What do I really need in order to live?


These, she says, are profoundly spiritual questions - caused by the sudden and unexpected reversal of monetary fortunes, thoroughly mundane, this-worldly matters to be sure, but nevertheless provoking the most fundamental of spiritual questions. And these questions can be the first steps along a new spiritual path. What can I trust . . . What will sustain me, nourish my soul . . . . What do I really need - not what do I want, but what do I need in order to live?

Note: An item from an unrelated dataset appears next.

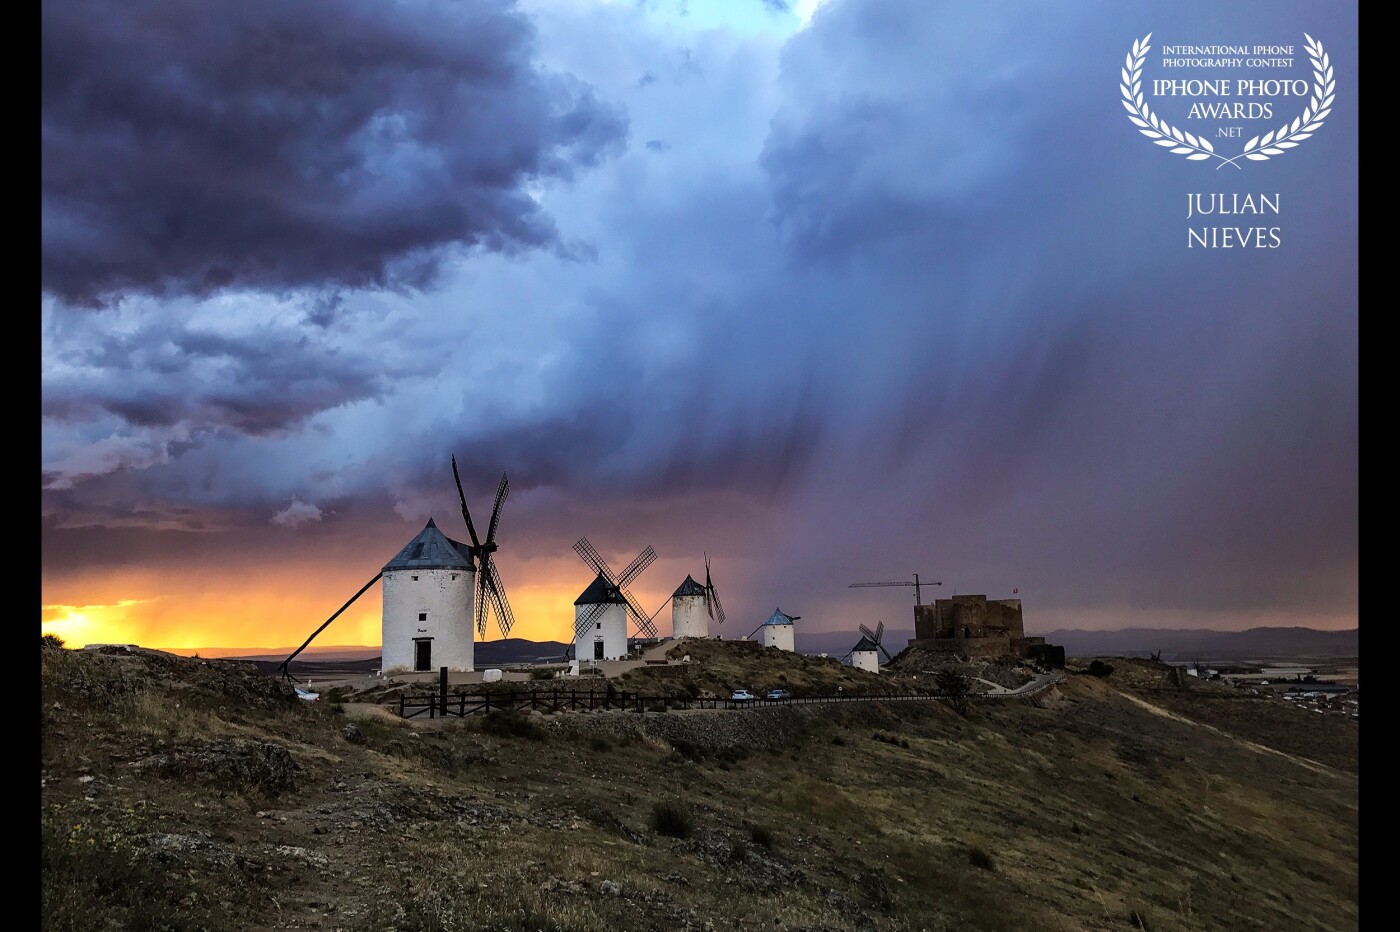 Atardecer de tormenta en un lugar emblemático de Castilla-La Mancha, como es el cerro Calderico con su Castillo y Molinos, situado en la localidad de Consuegra.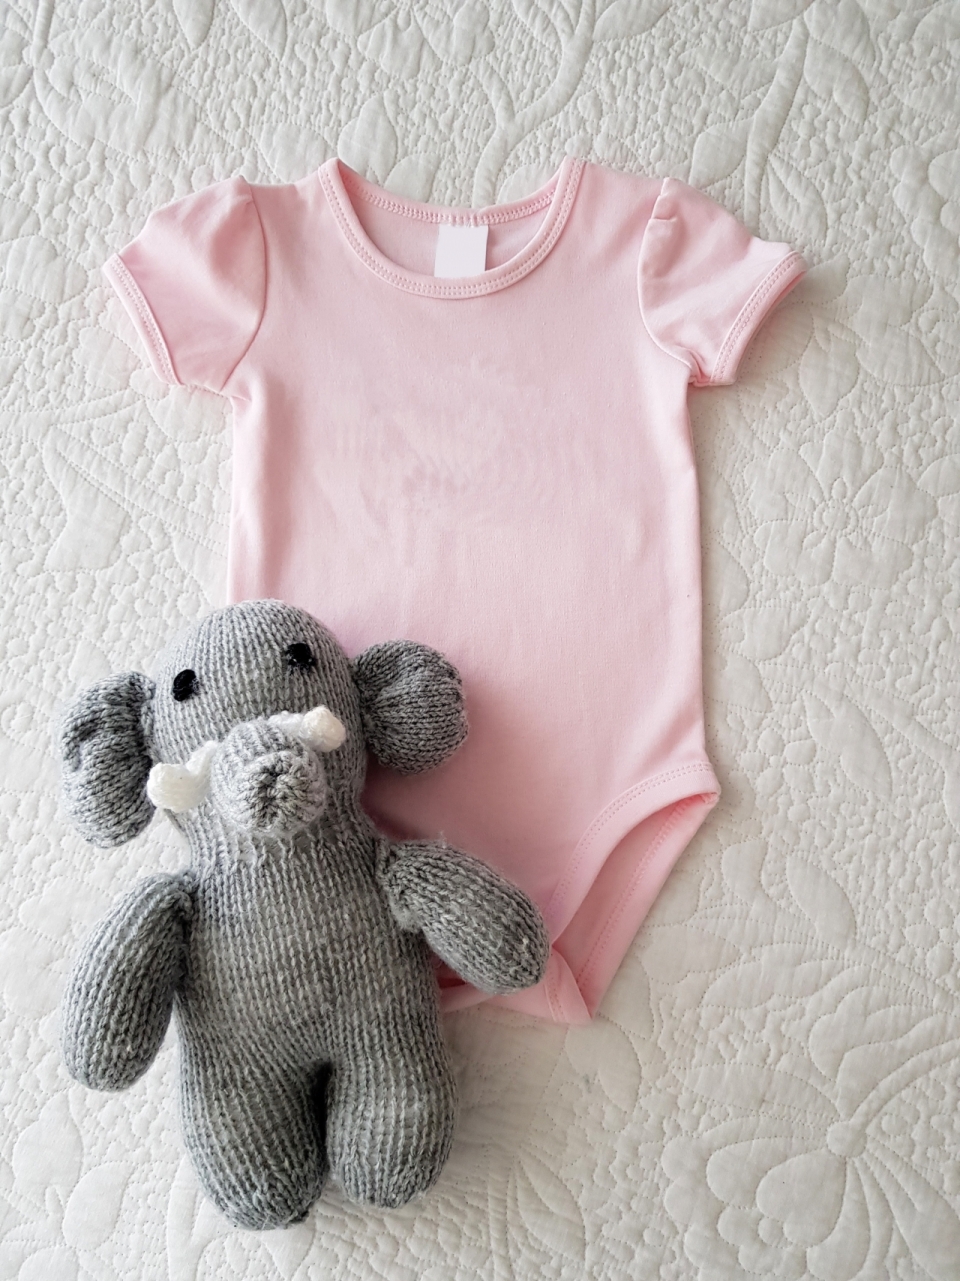 室内床铺灰色大象玩偶粉色婴儿服

These are not new questions. Religion constantly asks them of us - we pose them here in our worship: what will make us happy, really - is it the things we own, or the people we love? Do we trust in our goods, or in our God? Men and women, Jesus said, do not live merely by the bread the eat - the physical food we take in - but by the word of God, the truth of God who is spirit, God who is within us and among us. Questions of trust, of sustaining one's soul, of how we use our worldly wealth to serve not just ourselves but others in need - these are religious questions. And the silver lining of the present economic crisis is that for the first time in a long time people - even religious people like us - are asking in a new and more sincere way these basic questions of life - the answers to which can lead to a deeper, more compassionate, better way of living; to a much deeper connection to a larger reality.

Such questions if asked honestly, can change our lives, send us in a different direction - to a place where we can live according to our values, not the values of the culture, but our own genuine values, the values that we find revealed in the life and teachings of Jesus. Next Sunday's Life-long Learning topic - "Countercultural Living" - is exactly what we need to be talking about as we look for new ways to live in the light of the new economic reality of the world.

Rachel Remen says that a spiritual emptiness has been around a long time; we have too easily bought into the world's idea of what we must have in order to be happy. And now, having been relieved so abruptly of what we thought would make us happy, we can address the spiritual emptiness of our day, of our lives.

And that, my friends, is good news. That can be the occasion for an epiphany - a revelation, a pulling back of the curtain that has blinded us to what life can be, and show us a new way, a brighter way, a lighter way of living. In this New Year let us, perhaps as we have not been able to before, ask ourselves just what is "the good life," and what changes can we make that would allow us to live it?

Anna Quindlen wrote in a recent Newsweek essay entitled "Why Did I Buy All This Stuff?" about how many of us have, because we could, too easily bought into the false notion that the more I own the happier I will be. The reality of the new economics lets us - perhaps forces us - to question that. Jesus and many other religious teachers throughout the world and throughout time have already told us that the measure of a person has nothing to do with the measure of their wealth. The great opportunity of this year is that we may be willing now to listen.

There are many in the world, of course, for which this economic reversal raises not just spiritual questions, but very real material ones too: How can I eat today, where can I live, how can I obtain healthcare, will my children survive? As we who have had so much can better order our lives, we will be better able to care for those who have so little.

Angels will probably not be appearing to us in the New Year; a star will probably not lead us out of our troubles. But the light of God's grace will yet guide us to a new way of being in this world. Let us follow that light, and so find the way that is peace. Amen.